Report back every line from the entries below in which the word "Cake" occurs.

# # #

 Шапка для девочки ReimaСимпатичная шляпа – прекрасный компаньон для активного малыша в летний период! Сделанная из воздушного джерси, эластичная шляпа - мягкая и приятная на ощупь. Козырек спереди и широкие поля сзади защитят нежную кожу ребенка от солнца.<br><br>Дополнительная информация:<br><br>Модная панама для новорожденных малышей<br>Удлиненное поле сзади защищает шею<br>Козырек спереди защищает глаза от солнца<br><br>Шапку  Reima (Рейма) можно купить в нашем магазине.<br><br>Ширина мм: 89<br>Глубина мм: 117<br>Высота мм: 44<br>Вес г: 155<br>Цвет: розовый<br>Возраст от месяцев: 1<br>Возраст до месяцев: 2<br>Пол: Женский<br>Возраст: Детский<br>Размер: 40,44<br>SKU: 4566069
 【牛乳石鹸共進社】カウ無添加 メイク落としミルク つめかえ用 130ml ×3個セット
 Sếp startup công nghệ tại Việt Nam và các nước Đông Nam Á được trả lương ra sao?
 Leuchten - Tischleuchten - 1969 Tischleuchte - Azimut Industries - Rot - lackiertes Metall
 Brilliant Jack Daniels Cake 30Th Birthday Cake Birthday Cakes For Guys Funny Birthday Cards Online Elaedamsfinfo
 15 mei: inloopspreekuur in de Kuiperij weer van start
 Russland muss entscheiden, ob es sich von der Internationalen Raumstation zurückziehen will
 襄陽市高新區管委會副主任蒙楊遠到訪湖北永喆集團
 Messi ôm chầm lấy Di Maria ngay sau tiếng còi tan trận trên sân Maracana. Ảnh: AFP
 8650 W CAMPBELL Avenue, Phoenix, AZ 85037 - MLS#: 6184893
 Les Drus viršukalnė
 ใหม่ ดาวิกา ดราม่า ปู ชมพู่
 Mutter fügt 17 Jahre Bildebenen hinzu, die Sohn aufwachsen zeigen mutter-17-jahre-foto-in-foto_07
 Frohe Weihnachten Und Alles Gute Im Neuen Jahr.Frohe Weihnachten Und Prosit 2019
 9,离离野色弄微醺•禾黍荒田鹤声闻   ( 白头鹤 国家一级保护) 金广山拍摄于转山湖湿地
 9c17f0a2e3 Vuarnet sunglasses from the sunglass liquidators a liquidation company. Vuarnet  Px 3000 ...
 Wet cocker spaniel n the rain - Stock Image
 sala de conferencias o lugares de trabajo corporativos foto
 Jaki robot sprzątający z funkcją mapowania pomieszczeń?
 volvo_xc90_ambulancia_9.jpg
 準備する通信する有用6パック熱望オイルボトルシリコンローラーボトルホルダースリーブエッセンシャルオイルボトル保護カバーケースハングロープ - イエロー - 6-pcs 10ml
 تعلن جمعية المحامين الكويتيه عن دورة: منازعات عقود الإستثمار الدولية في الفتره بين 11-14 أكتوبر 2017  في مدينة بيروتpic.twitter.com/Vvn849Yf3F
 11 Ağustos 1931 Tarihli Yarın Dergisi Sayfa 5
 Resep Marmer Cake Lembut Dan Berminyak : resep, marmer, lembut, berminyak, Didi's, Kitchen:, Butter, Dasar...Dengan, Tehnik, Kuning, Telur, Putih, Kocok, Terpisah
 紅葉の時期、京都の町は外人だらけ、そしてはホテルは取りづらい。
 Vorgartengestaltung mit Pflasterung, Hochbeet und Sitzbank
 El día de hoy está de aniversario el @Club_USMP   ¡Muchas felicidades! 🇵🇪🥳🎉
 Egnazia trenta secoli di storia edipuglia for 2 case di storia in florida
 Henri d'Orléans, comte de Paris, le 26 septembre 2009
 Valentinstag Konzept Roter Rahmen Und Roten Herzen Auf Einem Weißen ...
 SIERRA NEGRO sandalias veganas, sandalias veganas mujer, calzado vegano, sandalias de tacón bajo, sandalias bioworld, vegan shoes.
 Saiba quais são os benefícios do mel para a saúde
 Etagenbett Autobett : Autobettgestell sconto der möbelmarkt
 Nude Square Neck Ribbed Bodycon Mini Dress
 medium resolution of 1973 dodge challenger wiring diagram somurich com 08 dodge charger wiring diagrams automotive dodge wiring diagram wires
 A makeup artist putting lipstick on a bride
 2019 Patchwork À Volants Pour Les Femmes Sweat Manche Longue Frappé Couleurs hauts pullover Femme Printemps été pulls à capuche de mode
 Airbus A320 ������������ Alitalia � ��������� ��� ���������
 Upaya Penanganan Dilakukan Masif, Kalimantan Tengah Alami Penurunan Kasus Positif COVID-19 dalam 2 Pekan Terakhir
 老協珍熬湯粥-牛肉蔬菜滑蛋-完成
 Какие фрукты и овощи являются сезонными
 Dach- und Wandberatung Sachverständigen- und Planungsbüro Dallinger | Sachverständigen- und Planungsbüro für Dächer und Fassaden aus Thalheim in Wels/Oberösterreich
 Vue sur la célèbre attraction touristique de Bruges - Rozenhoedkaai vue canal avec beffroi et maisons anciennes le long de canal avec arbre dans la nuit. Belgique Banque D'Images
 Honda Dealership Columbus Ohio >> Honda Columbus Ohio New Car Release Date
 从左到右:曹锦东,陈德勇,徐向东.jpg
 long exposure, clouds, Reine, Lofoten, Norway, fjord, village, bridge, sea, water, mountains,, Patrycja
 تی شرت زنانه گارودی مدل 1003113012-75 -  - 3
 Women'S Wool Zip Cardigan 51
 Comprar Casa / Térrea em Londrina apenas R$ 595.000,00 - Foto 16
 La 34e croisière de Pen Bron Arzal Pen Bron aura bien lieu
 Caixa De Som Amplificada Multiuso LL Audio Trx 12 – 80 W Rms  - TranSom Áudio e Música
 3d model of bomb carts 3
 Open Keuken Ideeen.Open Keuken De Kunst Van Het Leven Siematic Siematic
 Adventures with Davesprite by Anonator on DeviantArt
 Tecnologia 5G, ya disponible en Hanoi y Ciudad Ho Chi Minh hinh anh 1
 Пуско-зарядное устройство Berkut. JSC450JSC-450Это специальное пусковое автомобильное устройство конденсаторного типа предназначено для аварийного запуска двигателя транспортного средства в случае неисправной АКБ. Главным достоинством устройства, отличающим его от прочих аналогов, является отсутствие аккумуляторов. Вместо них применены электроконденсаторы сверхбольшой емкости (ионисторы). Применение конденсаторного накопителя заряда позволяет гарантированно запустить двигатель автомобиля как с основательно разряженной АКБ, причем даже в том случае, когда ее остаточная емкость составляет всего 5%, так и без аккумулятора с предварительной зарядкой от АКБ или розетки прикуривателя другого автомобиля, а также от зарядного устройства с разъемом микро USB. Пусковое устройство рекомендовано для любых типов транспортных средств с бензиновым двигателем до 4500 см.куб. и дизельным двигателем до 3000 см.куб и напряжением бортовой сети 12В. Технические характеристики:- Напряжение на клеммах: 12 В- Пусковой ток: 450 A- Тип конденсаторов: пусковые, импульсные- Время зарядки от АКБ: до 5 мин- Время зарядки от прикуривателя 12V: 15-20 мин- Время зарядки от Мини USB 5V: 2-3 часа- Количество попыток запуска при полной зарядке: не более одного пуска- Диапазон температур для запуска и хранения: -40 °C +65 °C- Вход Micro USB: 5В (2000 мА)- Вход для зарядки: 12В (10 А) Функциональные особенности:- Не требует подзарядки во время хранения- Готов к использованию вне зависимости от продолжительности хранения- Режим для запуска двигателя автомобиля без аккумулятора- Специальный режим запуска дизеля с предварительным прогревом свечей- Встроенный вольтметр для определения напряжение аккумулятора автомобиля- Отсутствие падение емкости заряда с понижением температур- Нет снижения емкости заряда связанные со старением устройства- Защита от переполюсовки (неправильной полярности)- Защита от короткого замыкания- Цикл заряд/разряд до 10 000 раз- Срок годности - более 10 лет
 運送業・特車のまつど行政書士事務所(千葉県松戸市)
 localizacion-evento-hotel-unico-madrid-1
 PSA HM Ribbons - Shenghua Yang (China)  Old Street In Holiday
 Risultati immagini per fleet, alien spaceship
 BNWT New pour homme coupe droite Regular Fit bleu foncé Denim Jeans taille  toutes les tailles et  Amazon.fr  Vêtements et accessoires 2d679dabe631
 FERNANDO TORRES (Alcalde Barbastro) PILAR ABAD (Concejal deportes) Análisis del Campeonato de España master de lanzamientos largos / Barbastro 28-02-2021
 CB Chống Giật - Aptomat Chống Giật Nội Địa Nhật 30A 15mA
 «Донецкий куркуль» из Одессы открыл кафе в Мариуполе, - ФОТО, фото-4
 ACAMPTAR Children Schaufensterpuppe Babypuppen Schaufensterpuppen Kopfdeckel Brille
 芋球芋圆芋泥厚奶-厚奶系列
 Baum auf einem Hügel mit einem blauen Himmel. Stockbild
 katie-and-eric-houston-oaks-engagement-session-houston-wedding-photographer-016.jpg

# # #

ANSWER BOX:
 Brilliant Jack Daniels Cake 30Th Birthday Cake Birthday Cakes For Guys Funny Birthday Cards Online Elaedamsfinfo
 Resep Marmer Cake Lembut Dan Berminyak : resep, marmer, lembut, berminyak, Didi's, Kitchen:, Butter, Dasar...Dengan, Tehnik, Kuning, Telur, Putih, Kocok, Terpisah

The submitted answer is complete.